Le renforcement constant des lois ainsi que des moyens juridiques et technologiques n’entrave ni les actes terroristes ni d’autres crimes : cela devrait nous alerter quant aux limites de la seule approche sécuritaire.
Il me semble au contraire indispensable que de réelles politiques publiques plus globales soient déployées. Il est impossible de construire un profil type d’un jeune radicalisé susceptible de participer à des actions terroristes, et cela déboucherait d’ailleurs sur des amalgames. Pour autant, on constate néanmoins qu’ils sont plutôt rares, les universitaires des «beaux quartiers» avec un «bon travail» à partir en Syrie.
Il convient donc d’étudier attentivement les trajectoires individuelles pour analyser les causes de radicalisation. Comme l’ont très bien souligné des sociologues français, comprendre les raisons socio-économiques qui poussent quelqu’un à commettre des actes abominables n’est en rien une justification de ceux-ci [9].
Dans ce contexte, un enseignement laïque, de qualité, pour tous, soucieux d’éduquer à la citoyenneté et au vivre ensemble, s’impose comme une urgence. Cela demandera évidemment des investissements publics, certainement très importants, notamment pour désenclaver des quartiers et des banlieues. Il est surtout impératif qu’on nous propose enfin un réel projet politique émancipateur qui ne laisse personne sur le carreau. Mais ceci est une autre histoire…

Références

[1] Nancy Frasier, « Rethinking the Public Sphere: A Contribution to Critique of Actually Existing Democracy », Habermas and the Public Sphere, Craig J. Calhoun (éd.), MIT Press, 1999.

[2] Manuel Castells, La Société en réseaux, 2e éd, Fayard, 2000.

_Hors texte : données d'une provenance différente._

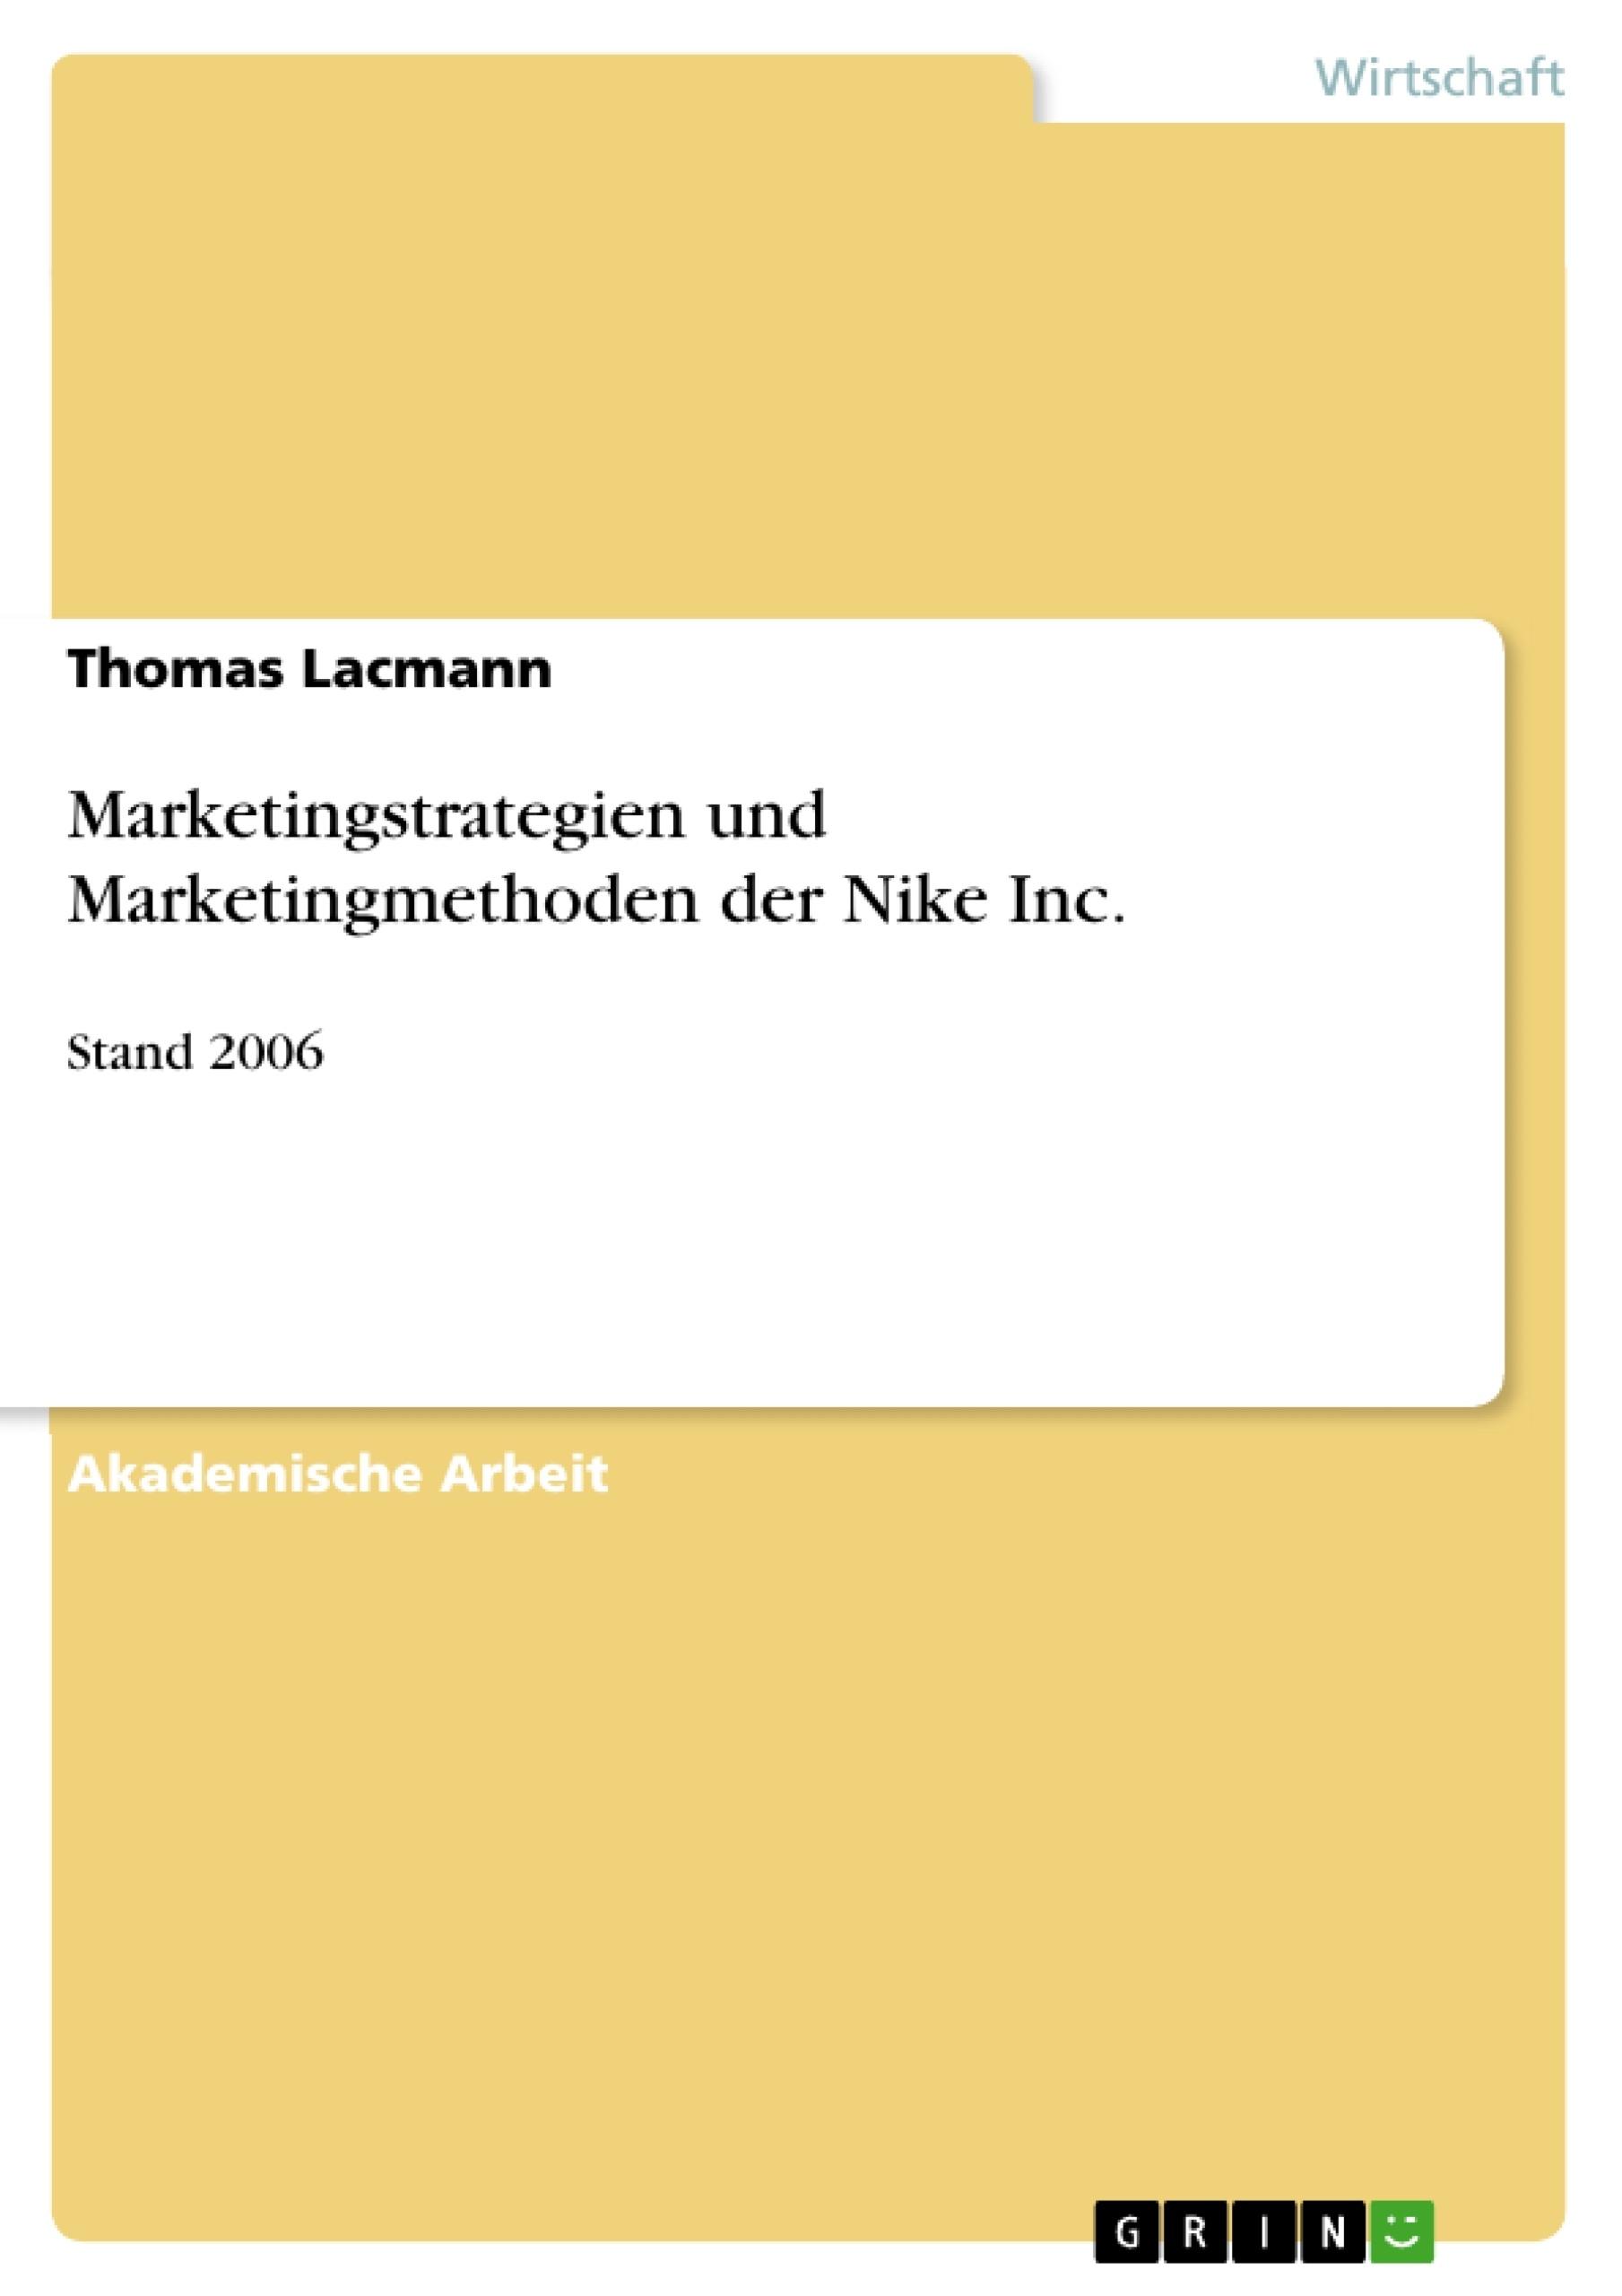 Titel: Marketingstrategien und Marketingmethoden der Nike Inc.

[3] Peter D. Turney, « Thumbs Up or Thumbs Down? Semantic Orientation Applied to Unsupervised Classification of Reviews », Proceedings of the 40th Annual Meeting on Association for Computational Linguistics, pp. 417–424, 2002.

[4] Stephen B. Wicker, « The Loss of Location Privacy in the Cellular Age », Communications of the ACM, 55(8), pp. 60–68, 2012.

[5] Karl Ricanek, « Beyond Recognition: The Promise of Biometric Analytics », IEEE Computer, 47(9), pp. 87–89, 2014.

[6] Viktor Mayer-Schönberger & Kenneth Cukier, Big Data: A Revolution That Will Transform How We Live, Work, and Think, John Murray, 2013.

[7] Brandon Keim, « Dr. Watson Will See You... Someday », IEEE Spectrum, 52(6), pp. 76–77, 2015.

[8] Javier Parra-Arnau & Claude Castelluccia, «Dataveillance and the False-Positive Paradox», HAL, 2015.

[9] Frédéric Lebaron, Fanny Jedlicki & Laurent Willemez, «La sociologie, ce n’est pas la culture de l’excuse !», Le Monde, 14 décembre 2015.